It was a relatively fringe topic that only recently got the attention of a large number of real researchers. And parts of it could need large amounts of computational power afforded by only by superhuman narrow AI.
There have been a few random phd dissertations saying the topic is hard but as far as I can tell there has only recently been push for a group effort by capable and well funded actors (I.e. openAI’s interpretability research).
I don’t trust older alignment research much as an outsider. It seems to me that Yud has built a cult of personality around AI dooming and thus is motivated to find reasons for alignment not being possible. And most of his followers treat his initial ideas as axiomatic principles and don’t dare to challenge them. And lastly most past alignment research seems to be made by those followers.
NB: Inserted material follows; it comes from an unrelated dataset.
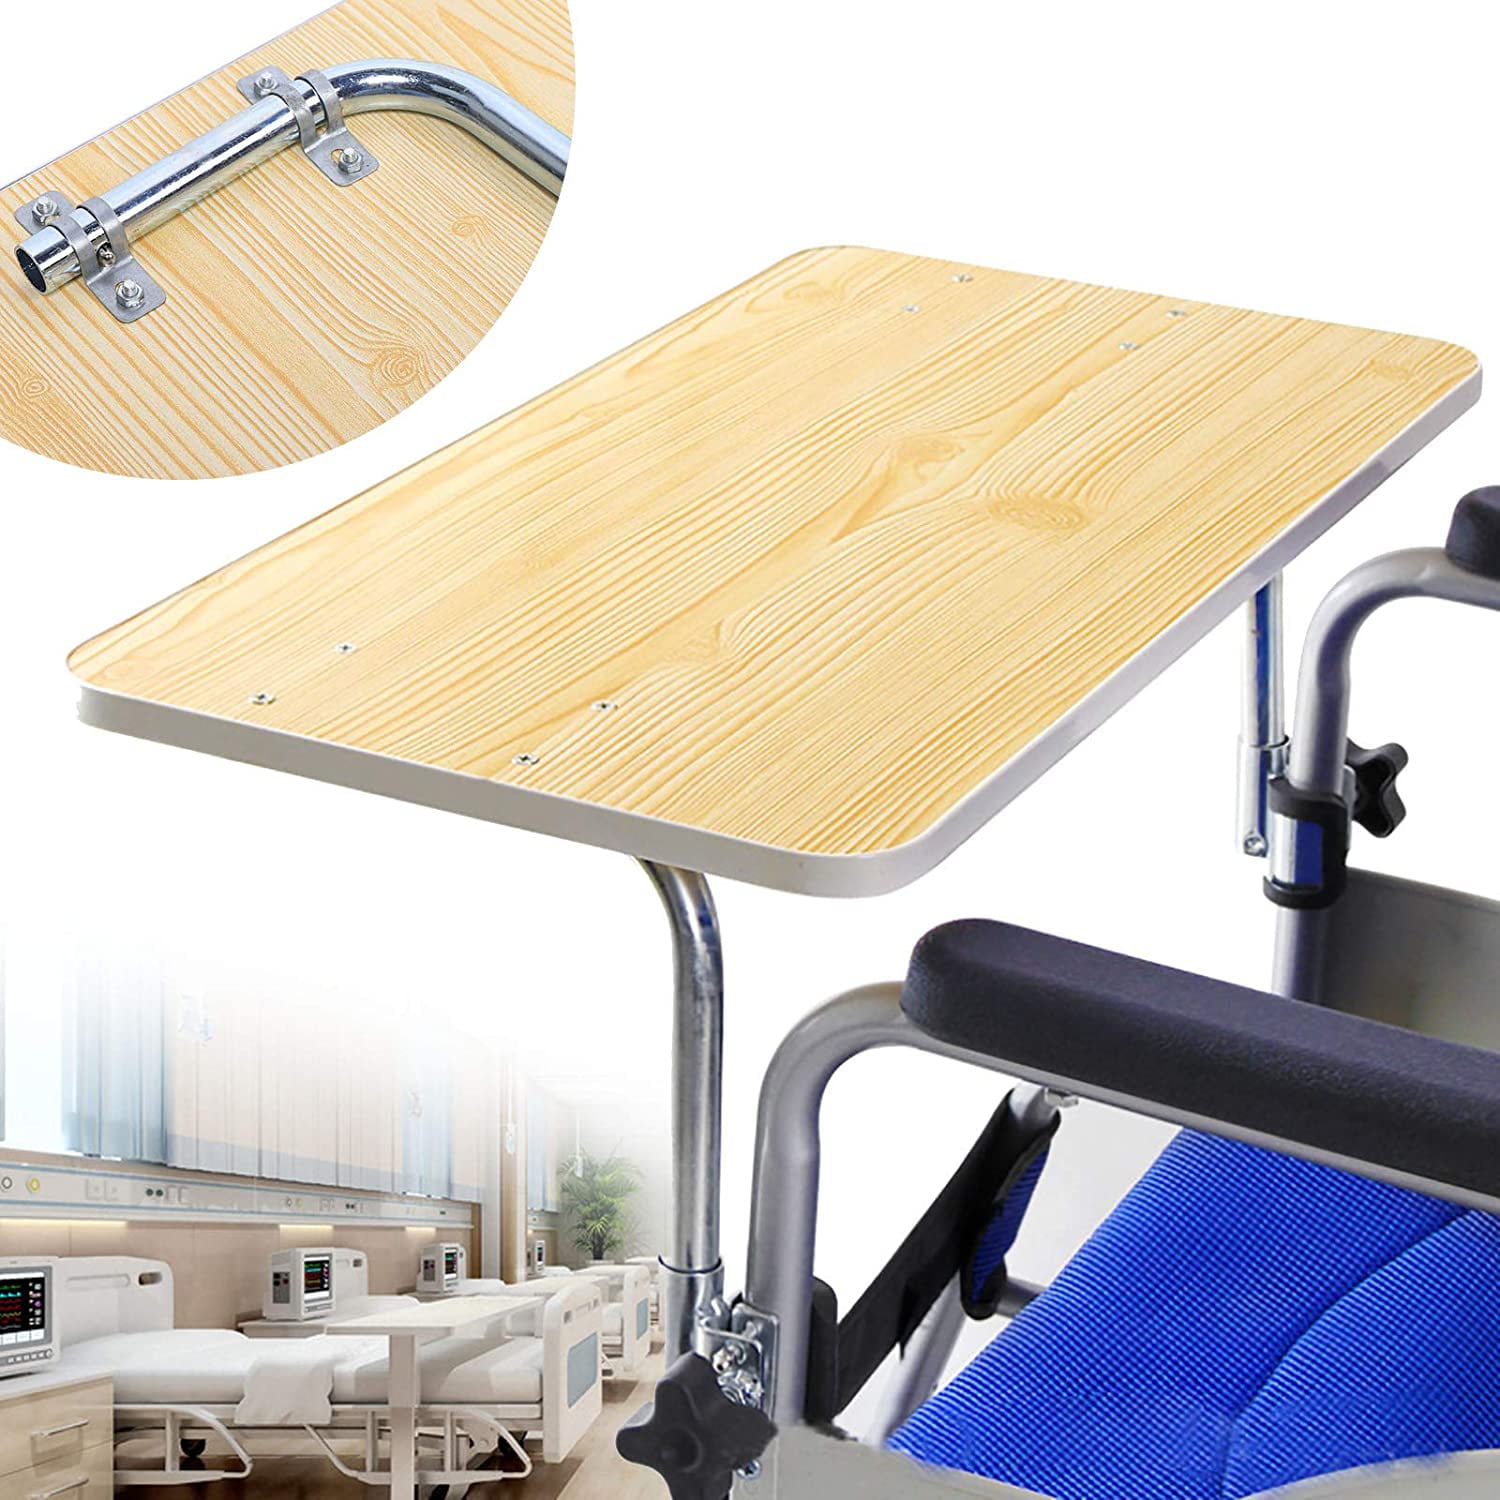 Miumaeov Detachable Wooden Wheelchair Lap Tray Table for Eating Reading

Unfortunately, we do not have the luxury of experimenting with dangerous AI systems to see whether they cause human extinction or not. When it comes to extinction, we do not get another chance to test.
For example this is an argument that has been convincingly disputed to varying levels (warning shots, incomputability of most plans of danger) but it is still treated as a fundamental truth on this site.
I think my point is lowering it to just there being a non trivial probability of it following the rule. Fully aligning AIs to near certainty may be a higher bar than just potentially aligning AI.
Align with arbitrary values without possibility of inner deception. If it is easy to verify the values of an agent to a near certainty, it seems to follow that we can more or less bootstrap alignment with weaker agents inductively aligning stronger agents.